Avoid when building small, simple applications where abstractions add unnecessary complexity and the codebase is unlikely to change frequently.
Real World Examples
Amazon
Amazon uses dependency inversion to decouple their order processing logic from payment gateway implementations, allowing easy integration of new payment providers without changing core order logic.
Netflix
Netflix applies this principle to separate their streaming service logic from different storage backends, enabling smooth migration and testing.
Uber
Uber uses abstractions to isolate ride matching algorithms from data sources, allowing independent evolution of matching logic and data storage.
Code Example
The before code shows UserService directly creating a MySQLDatabase instance, causing tight coupling.
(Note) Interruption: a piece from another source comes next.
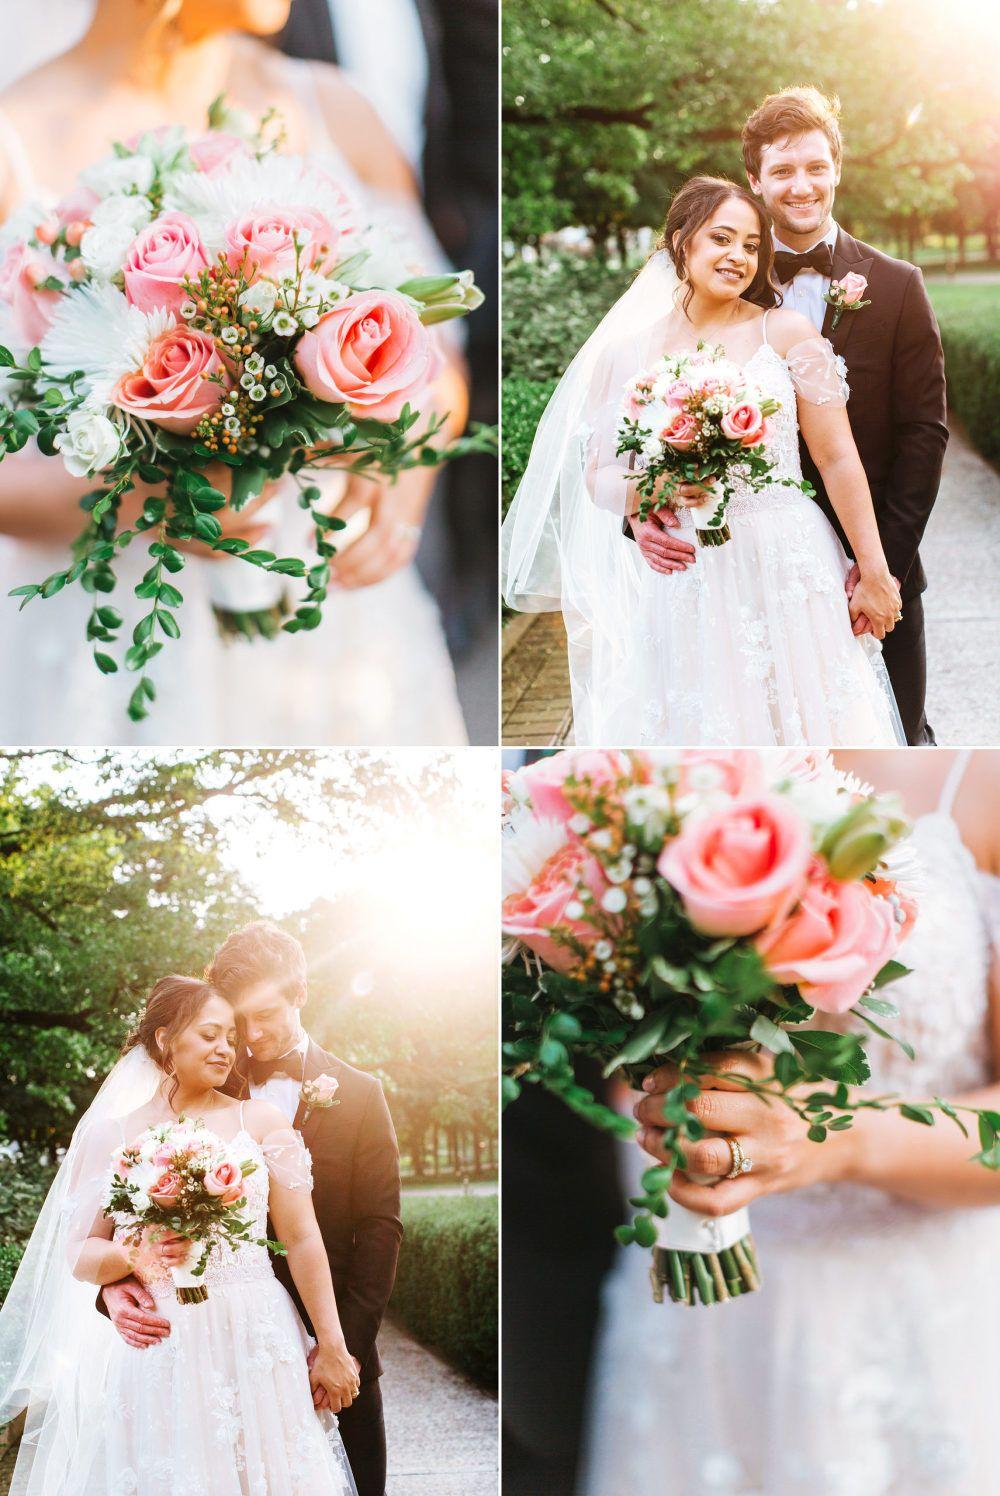 Haella + Collin Franklin Park Conservatory Wedding » Red
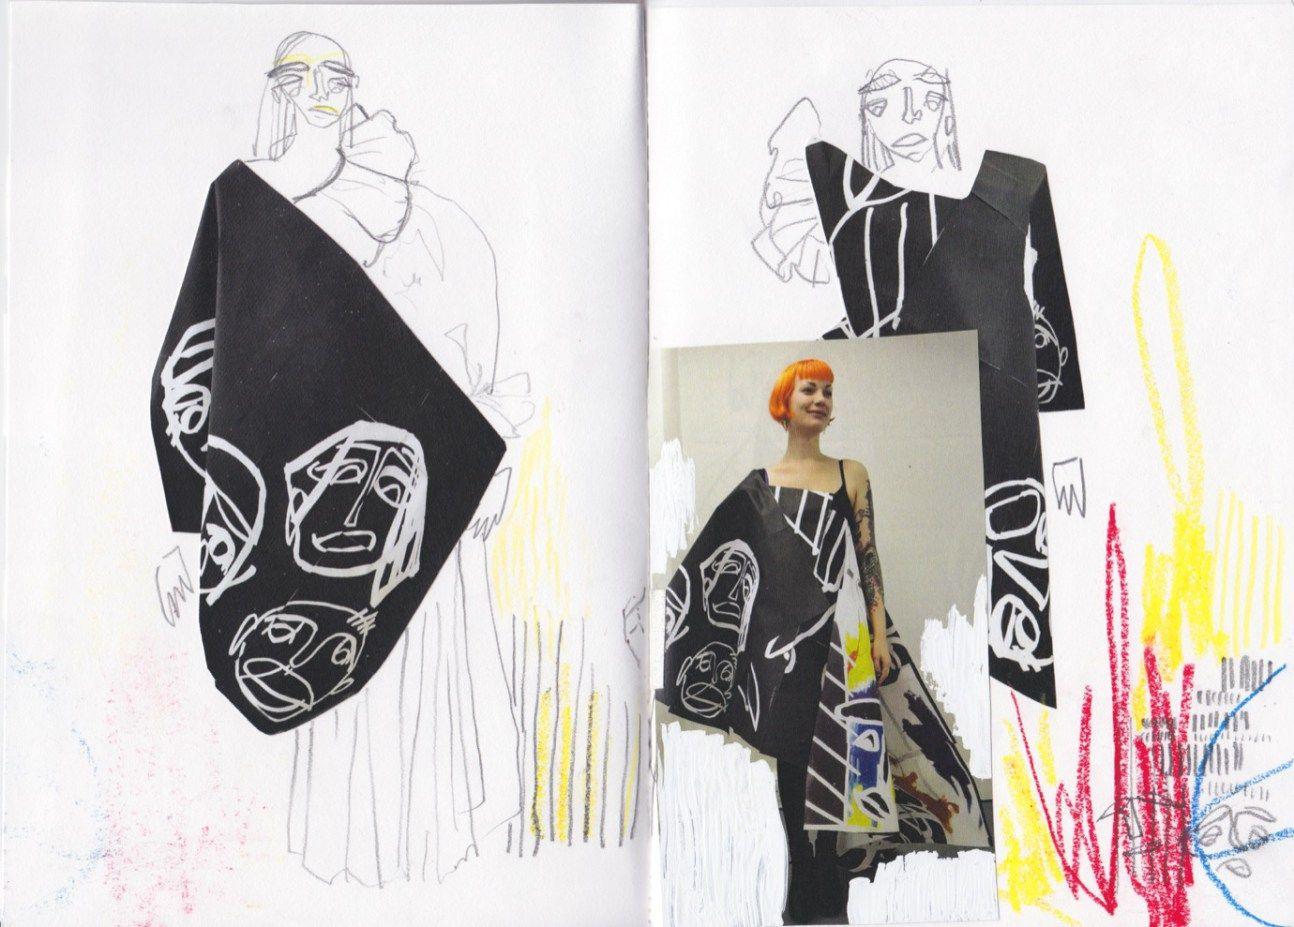 Fashion - Beyond Material

The after code introduces a Database abstraction that UserService depends on, allowing any database implementation to be injected, improving flexibility and testability.
LLD
### Before applying Dependency Inversion Principle (tightly coupled)
class MySQLDatabase:
    def connect(self):
        print("Connecting to MySQL database")

class UserService:
    def __init__(self):
        self.db = MySQLDatabase()  # Direct dependency

    def get_user(self, user_id):
        self.db.connect()
        print(f"Fetching user {user_id}")


### After applying Dependency Inversion Principle (depends on abstraction)
from abc import ABC, abstractmethod

class Database(ABC):
    @abstractmethod
    def connect(self):
        pass

class MySQLDatabase(Database):
    def connect(self):
        print("Connecting to MySQL database")

class UserService:
    def __init__(self, db: Database):
        self.db = db  # Depends on abstraction

    def get_user(self, user_id):
        self.db.connect()
        print(f"Fetching user {user_id}")


# Usage
mysql_db = MySQLDatabase()
service = UserService(mysql_db)
service.get_user(42)
OutputSuccess
Alternatives
Service Locator
Service Locator centralizes dependency resolution in a registry, whereas Dependency Inversion uses explicit abstractions passed to modules.
Use when: Choose Service Locator when you want to centralize configuration but accept some hidden dependencies.
Factory Pattern
Factory creates objects without exposing instantiation logic, while Dependency Inversion focuses on depending on abstractions rather than concrete classes.
Use when: Choose Factory when object creation logic is complex or varies, but still want to follow Dependency Inversion for dependencies.
Summary
Dependency Inversion Principle reduces tight coupling by making high-level modules depend on abstractions.
It improves maintainability, testability, and flexibility by decoupling implementation details.
Applying it requires thoughtful design of interfaces and careful use of dependency injection.